Mrs Dunne: Point of order, Mr Speaker.

MR STANHOPE: You know that; you all know that.

MR SPEAKER: Order! Chief Minister, resume your seat.

Mrs Dunne: My point of order is under standing order 118 (b). The question related to the installation and procurement of FireLink in 2004 and 2005. Therefore the minister needs to confine his comments to that period.

MR SPEAKER: Come to the subject matter of the supplementary question, Chief Minister.

MR STANHOPE: Mr Speaker, I was. I was talking about the explanations that have been made ad nauseam in this place by the minister, Mr Corbell, in relation to the issues around FireLink. Certainly there were a range of issues in relation to process, in retrospect, as fully explained by Mr Corbell and as otherwise exposed in relation to procurement—the failure to test and to do the level of due diligence that was quite obviously necessary and required.

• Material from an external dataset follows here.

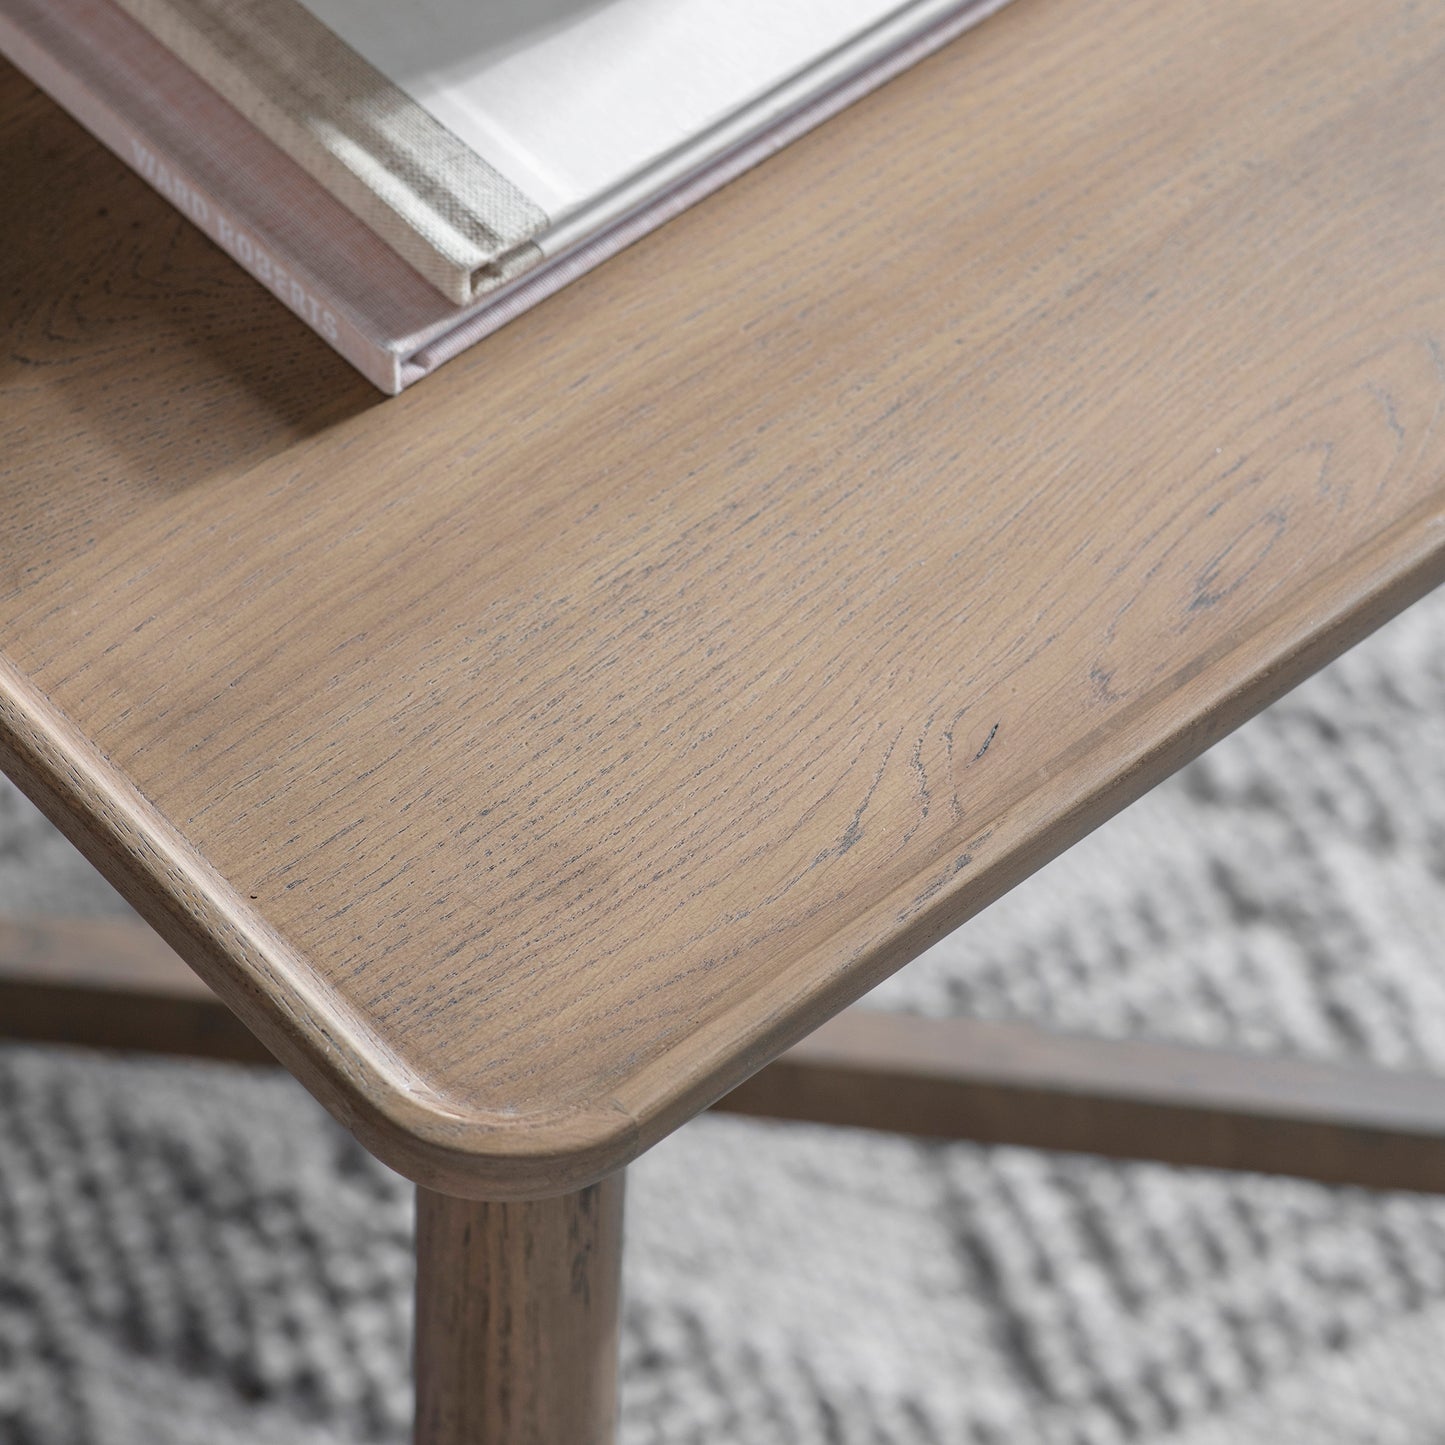 A close up of a Wembury Side Table, a home furniture piece from Kikiathome.co.uk, with a book on it.

Many of those failings were almost exclusively a result of failings in management within the Emergency Services Bureau at the time, as a result of an administrative structure which you continue to favour, you continue to support. You cannot have it both ways.

Mr Seselja: It’s our fault you have put it in! You put it in; it didn’t work; you didn’t oversight it. And that’s our fault!